Overall today and yesterday have been pretty nice and relaxing (despite having to finish up and hand in a project yesterday). All I have to do this weekend is read a novel for my illustration class, which should be enjoyable. I’m going to have a little repeat of last weekend and go spend my afternoon at the coffee shop after I finish up my shopping. I’ve been sleeping in, doing lots of yoga, trying to eat more, and I feel like my energy levels are getting better. I haven’t had any weird stomach pains lately either! Things are lookin’ up.
I’m just gonna talk about these days together.
Yesterday I was feeling quite crappy. I let myself have the day off to relax and just eat a tonne of the junk food I wanted and do absolutely nothing. It was great. I had Haribo gummies and chocolate for “breakfast” while I did my grocery shopping. I did come home and have a big lunch with eggs and proscuitto and spinach. Had a pint of Ben & Jerry’s for dinner. Ice cream generally makes me feel better when I have stomach issues, and so this was a nice relief. Thank god I am not lactose intolerant.
Today I was back on track. Had protein yogurt topped with cashews, cinnamon, and ginger for breakfast, and then made chicken and cashew thai red curry for lunch/dinner. I ate one portion at 5, then another at 6, thinking I was hungry. I just ate an Eat Natural bar a few minutes ago, and now I’m thinking this isn’t hungry feeling, this is stomach pain.
Guys, I dunno what’s going on. I’m not eating anything that seems like it would trigger a stomach ache, I didn’t even buy dates this week because I thought they were the problem, and I’m still getting weird, kind of stabby (not really… punchy? wringy?) pain in my stomach after I eat. Also, I’m still tiiiired. I don’t know if this is because I’m still maybe sick or not absorbing nutrients or what, but man. I’m not impressed.

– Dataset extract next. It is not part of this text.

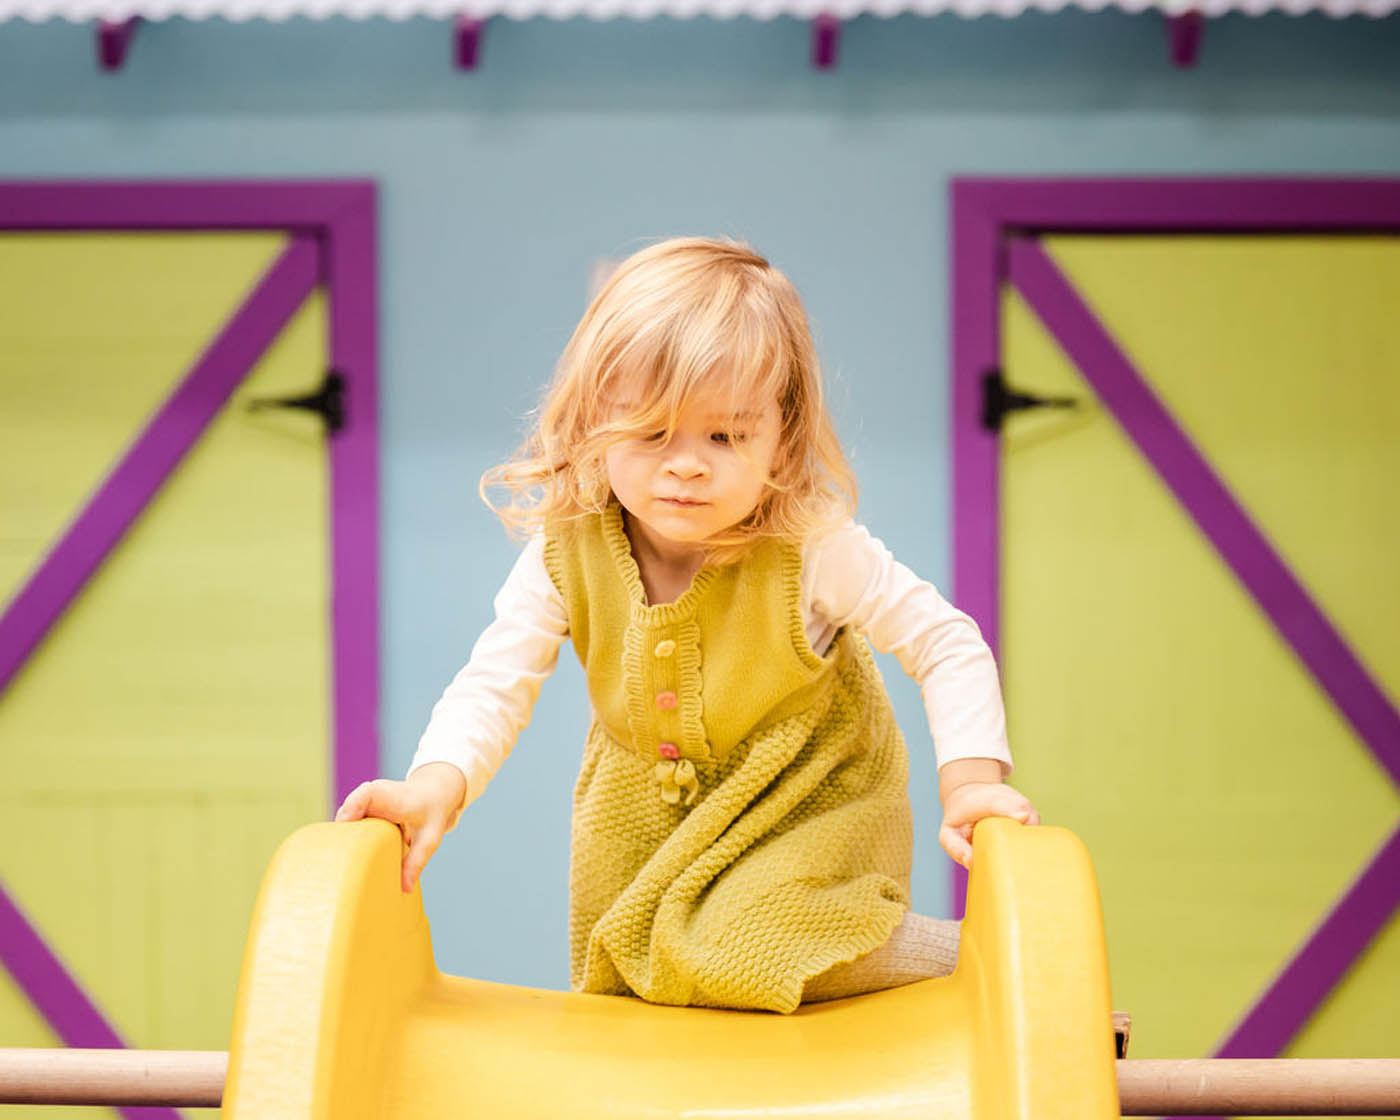 A toddler playing on a yellow slide at Romp n' Roll's classes for 3 year olds.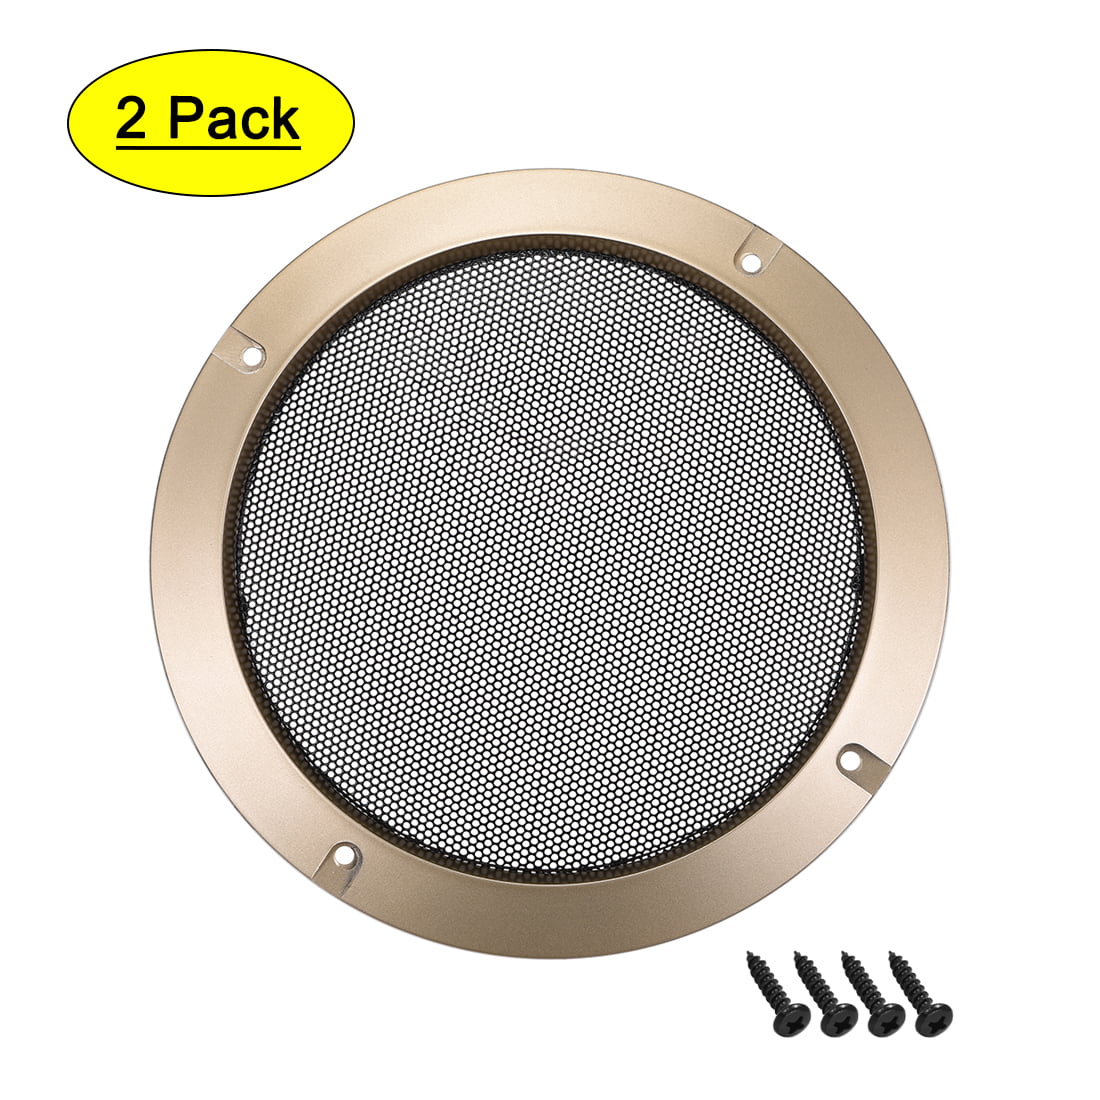 Fielect 10inch /255mm Speaker Grill Mesh Decorative Circle Woofer Guard Protector Cover Audio Accessories Black

To recap, things I have eliminated that haven’t made a difference:
I dunno, maybe it’s broccoli or something weird?
TOMORROW THERE WILL BE TWO WEEKS LEFT. TWO WEEKS!! I have never been so excited to go to sleep every night in my life.
On that note, I forgot to take pictures today. Oops!
Breakfast was my leftover cauliflower and buckwheat. Lunch was a couple of hard-boiled eggs, a carrot, some hazelnuts, and a 9bar. Dinner was a spinach and cheese omelette. I ate backwards today!
My ears were both plugged today which sucked, because I was talking to a lot of people and constantly had to ask them to repeat themselves. I shot Peter Salmon at school today, and was working with the editor of the school newspaper, which was more fun and less intimidating than I anticipated.
My stomach however, has been questionable all day and was rumbling and tumbling and just really causing a fuss over what seems to be nothing. It didn’t hurt today, but things are definitely not working as they usually are. At least I just have tomorrow to finish up this week’s groceries and start anew friday!